> Task goal:
Would you copy the lines below exactly and omit the images?

> Source data:
***

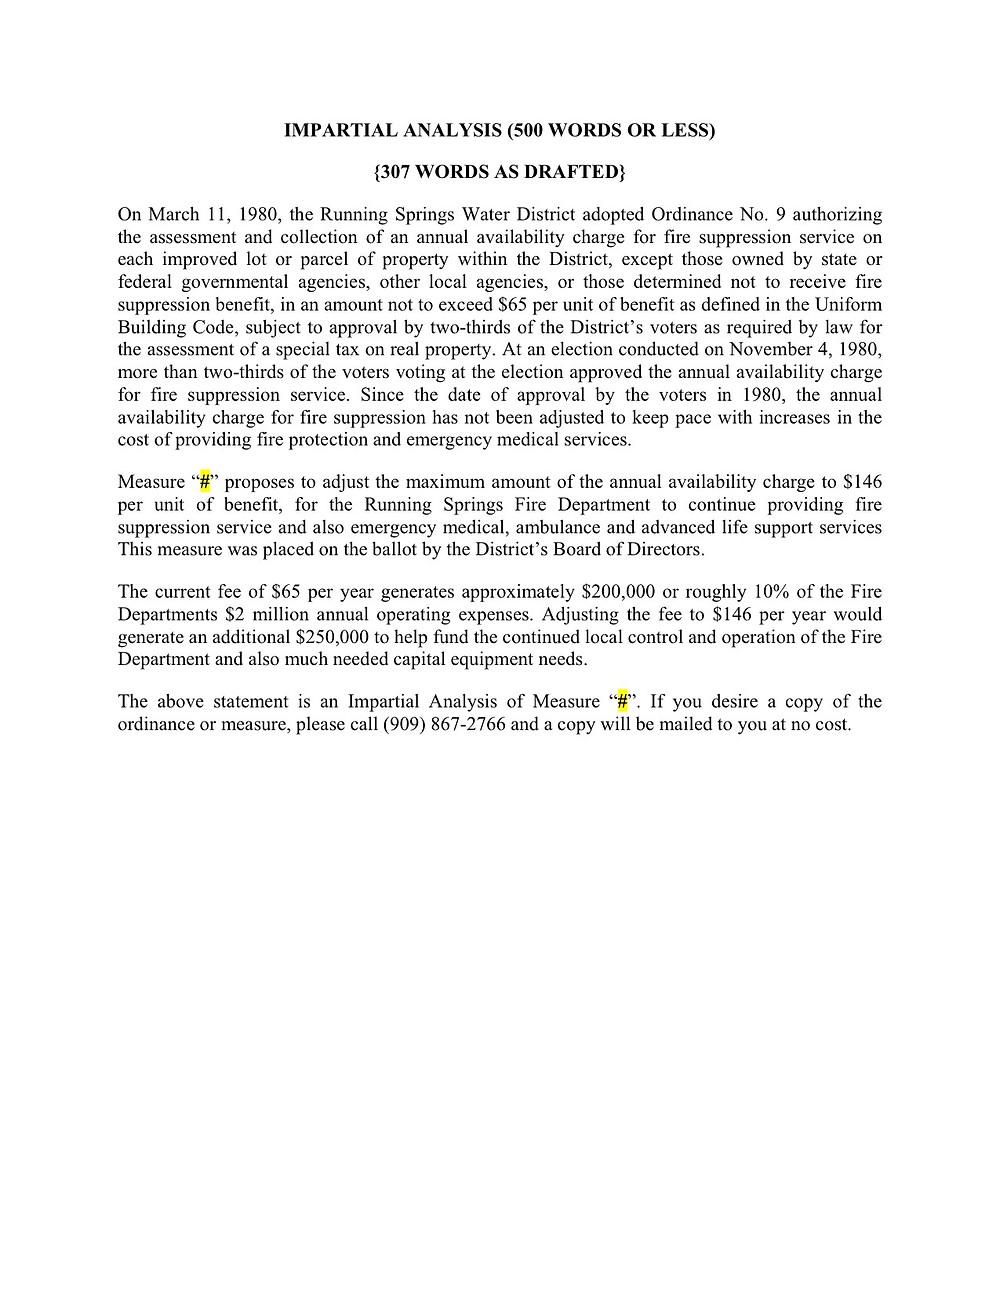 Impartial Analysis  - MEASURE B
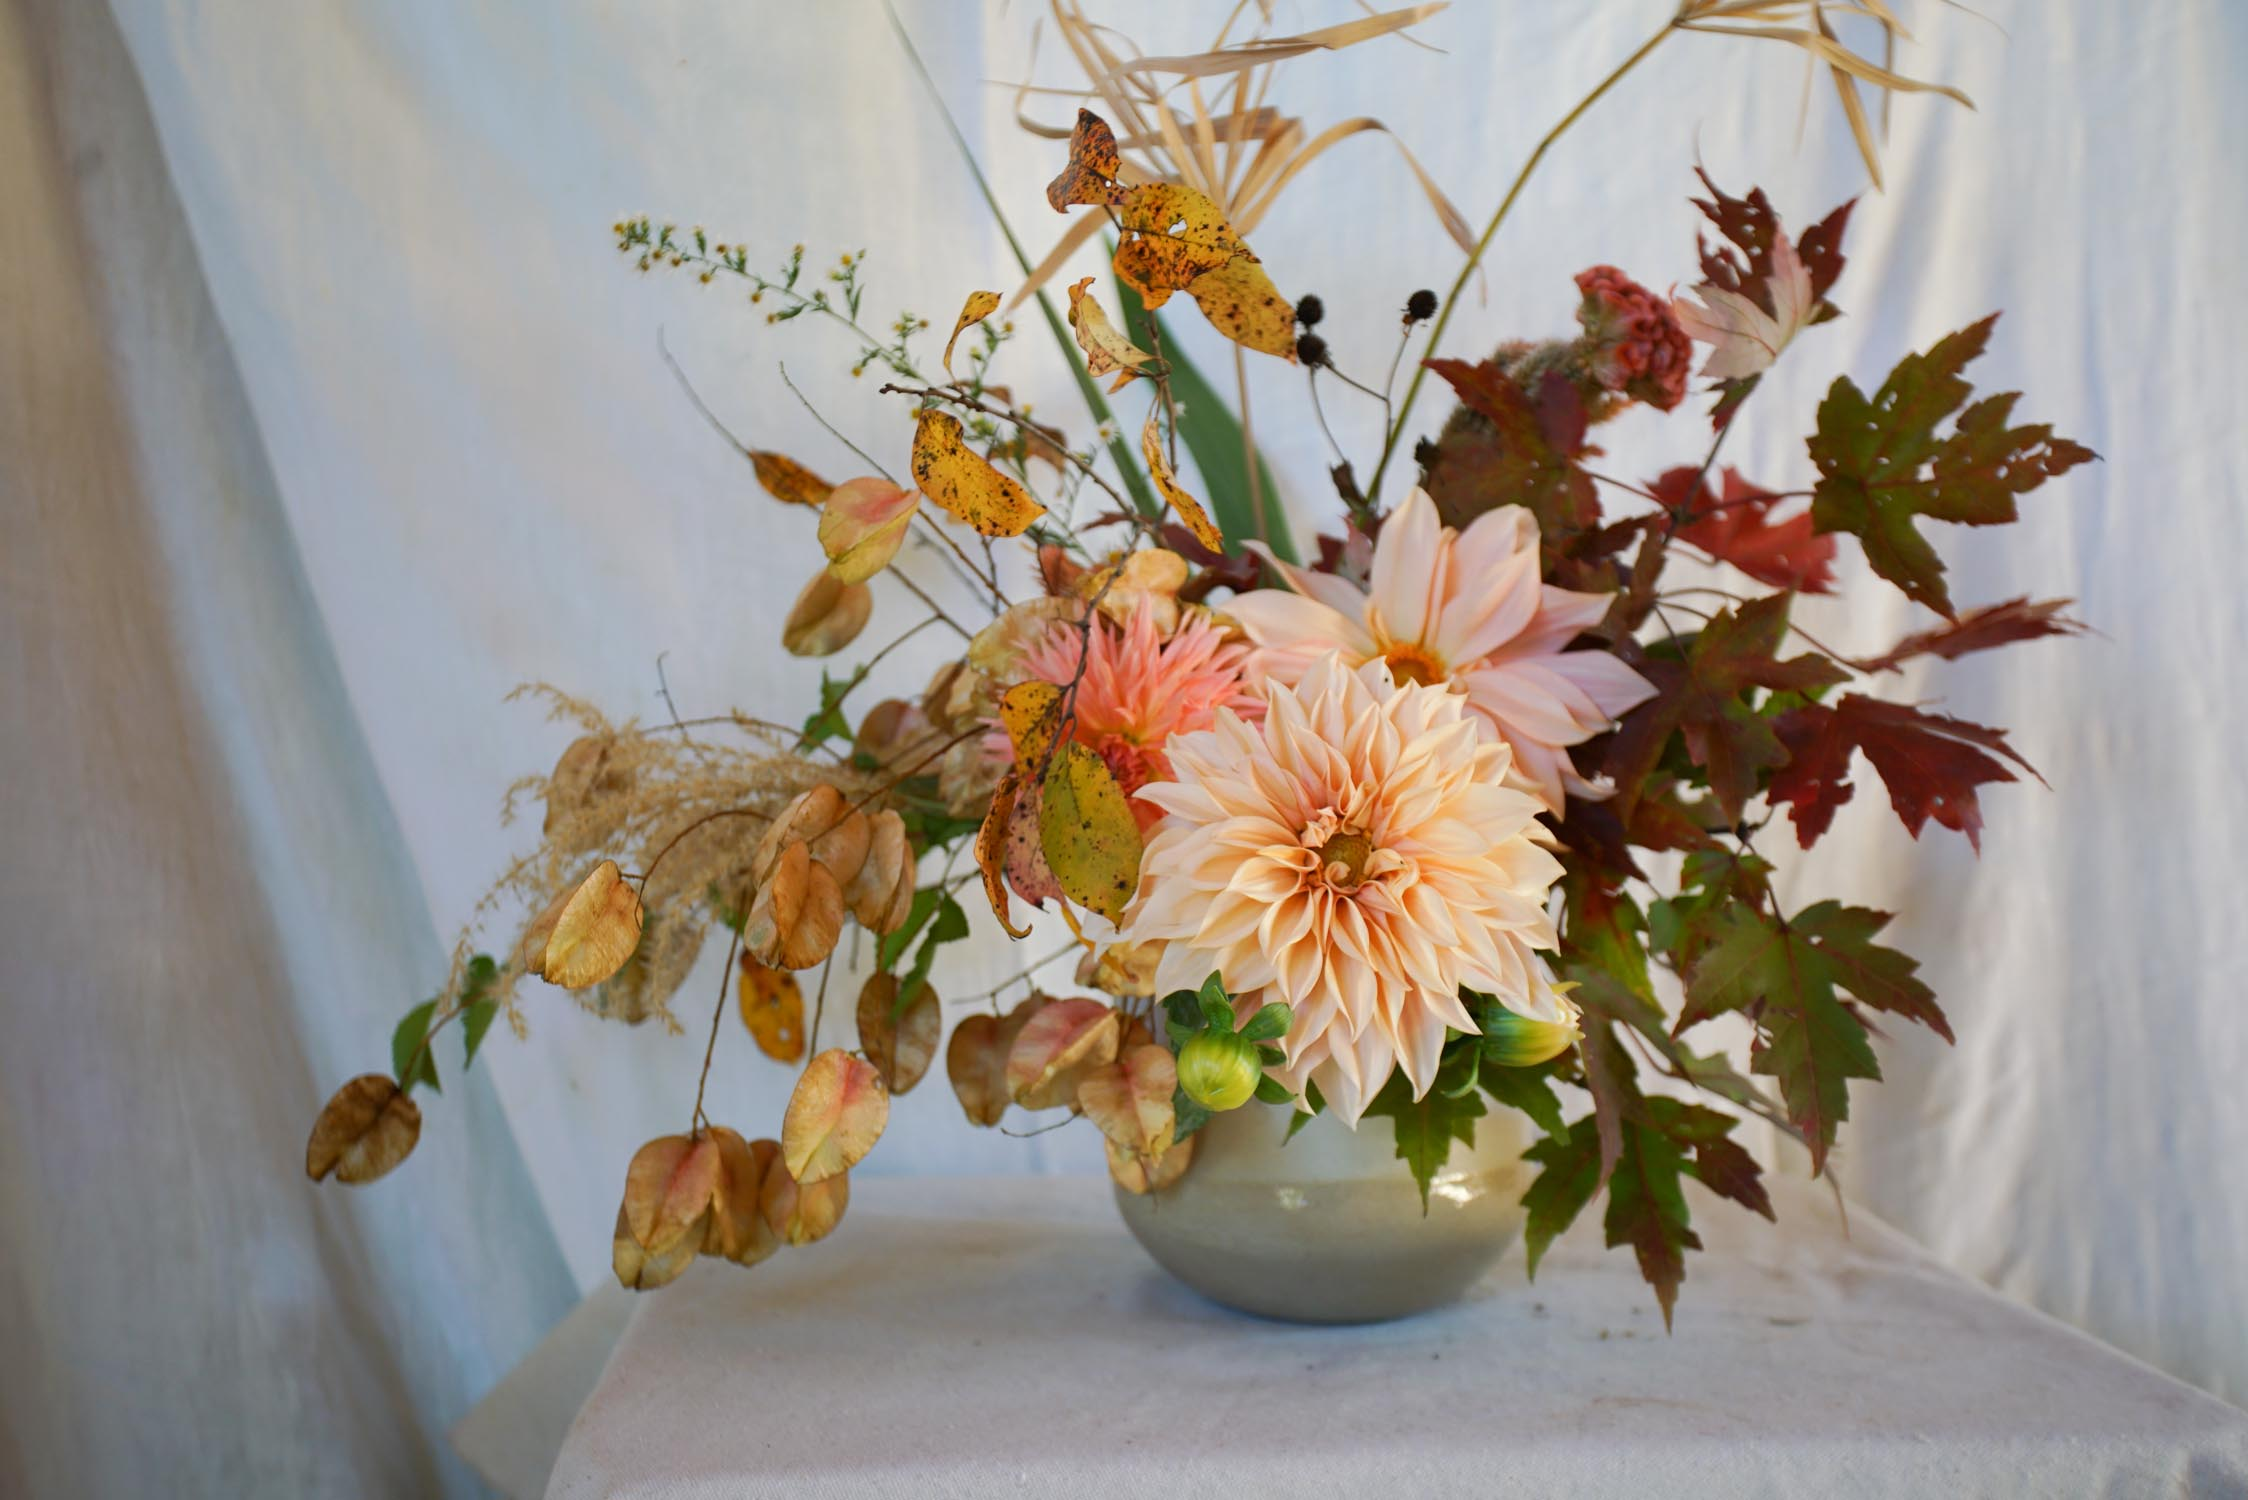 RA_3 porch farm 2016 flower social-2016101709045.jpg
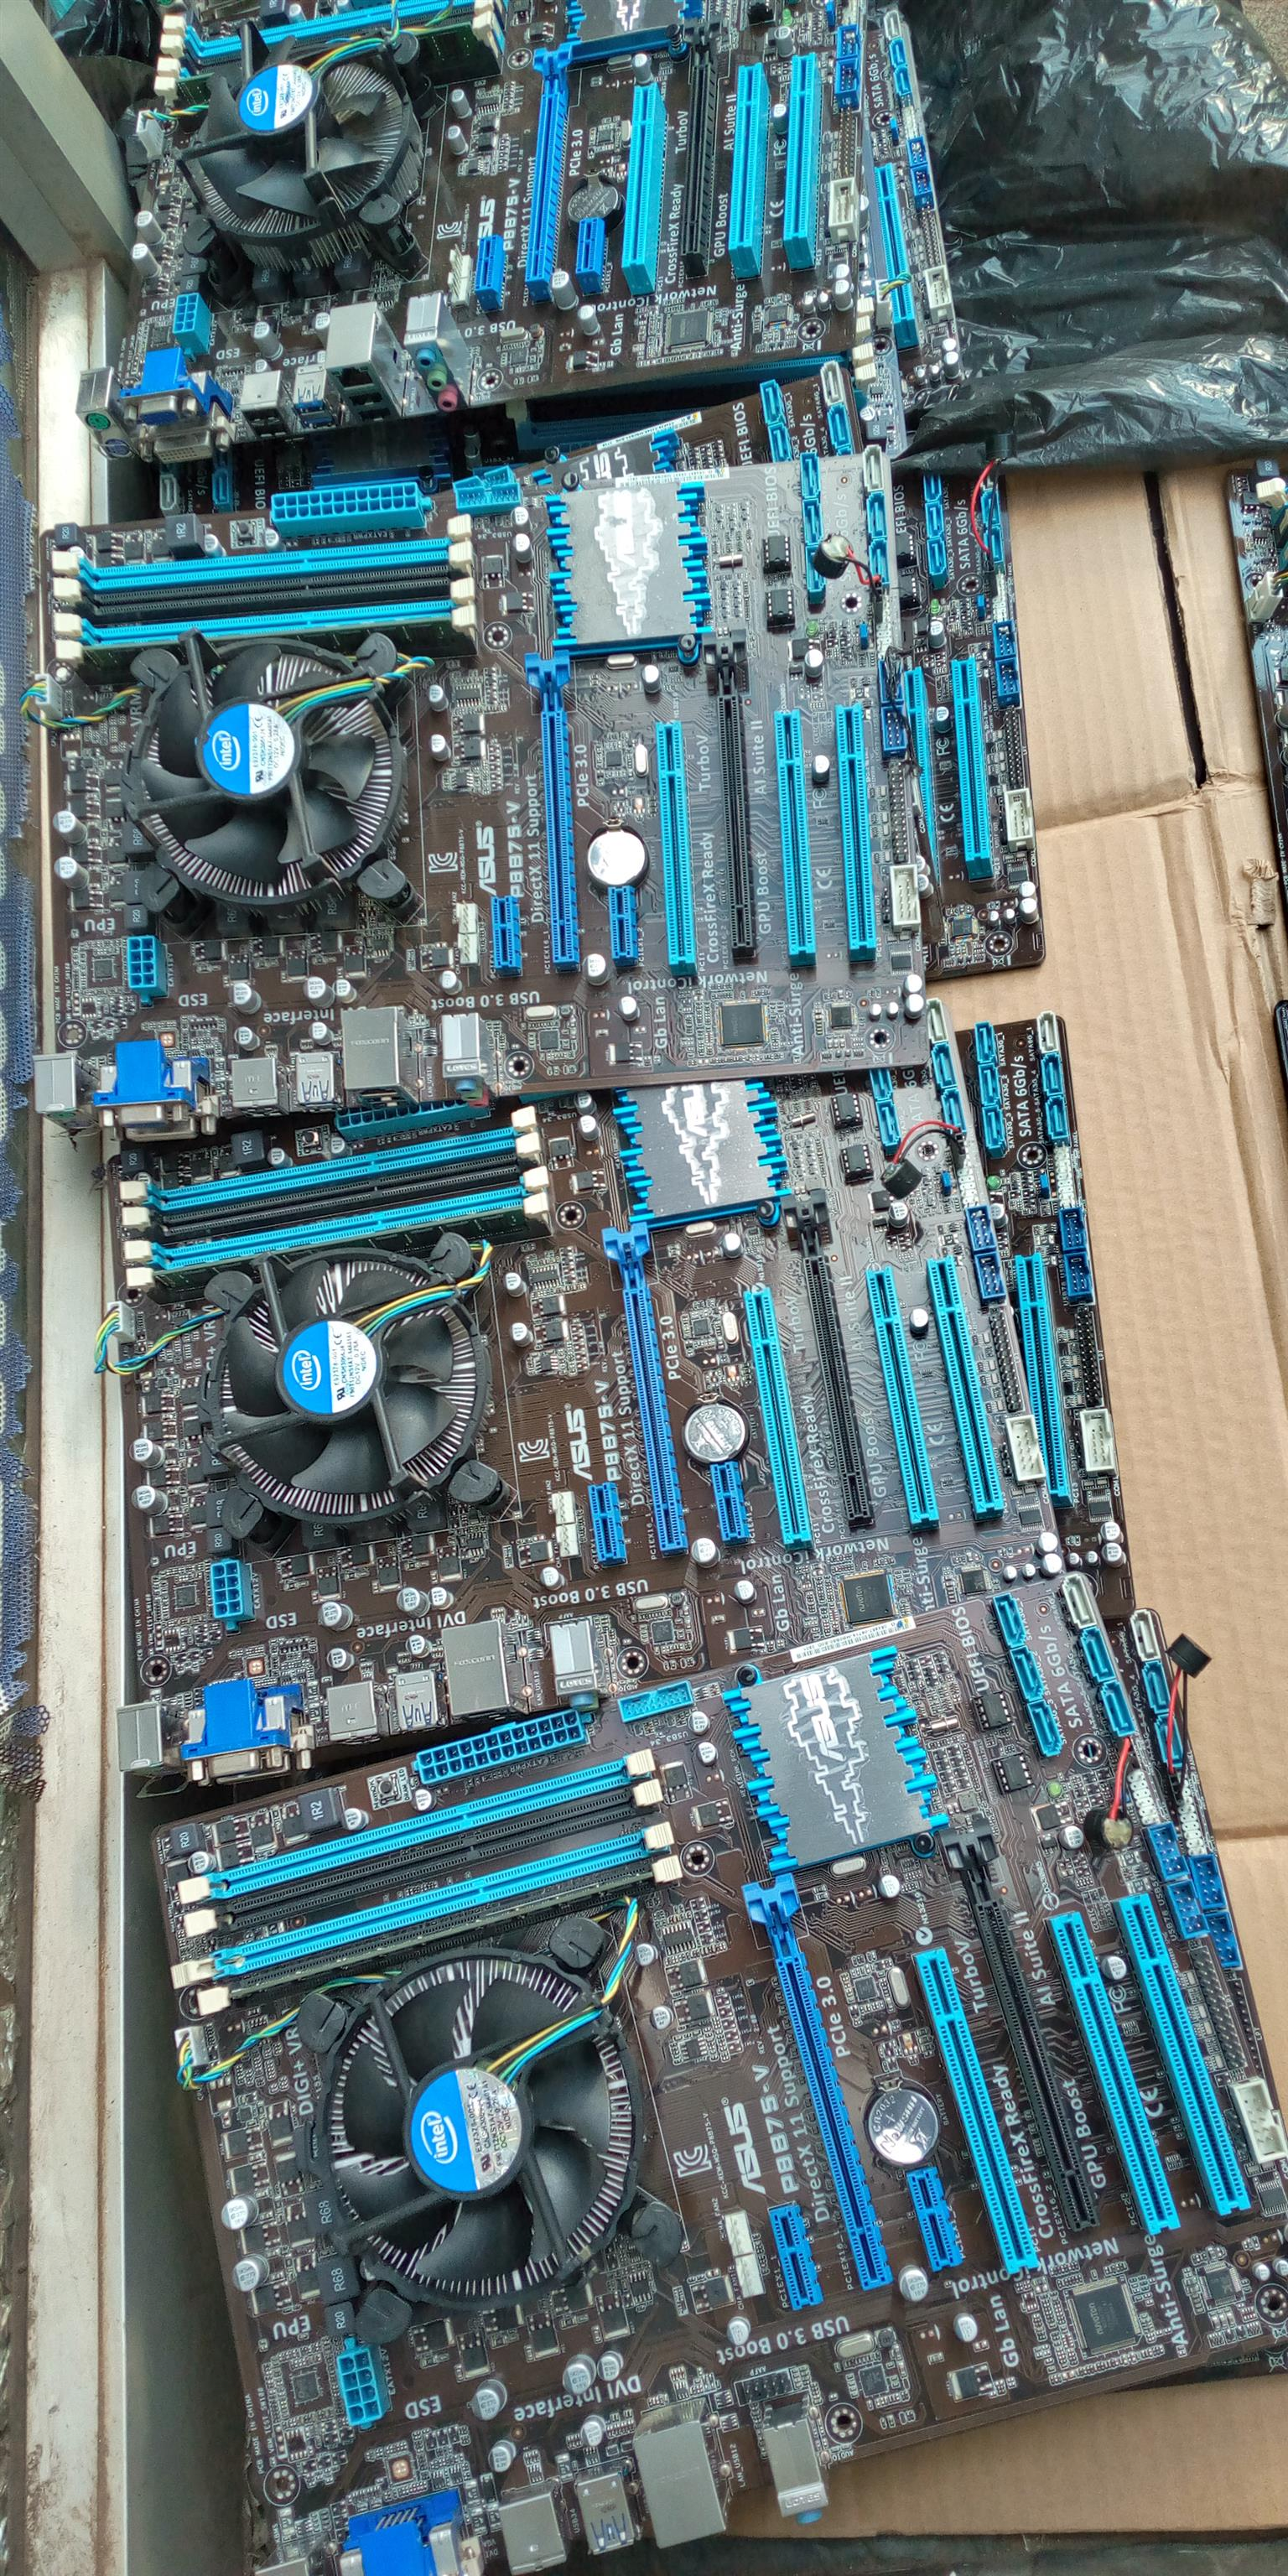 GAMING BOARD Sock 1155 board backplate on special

***

> Solution to this task:
 Impartial Analysis  - MEASURE B
 RA_3 porch farm 2016 flower social-2016101709045.jpg
 GAMING BOARD Sock 1155 board backplate on special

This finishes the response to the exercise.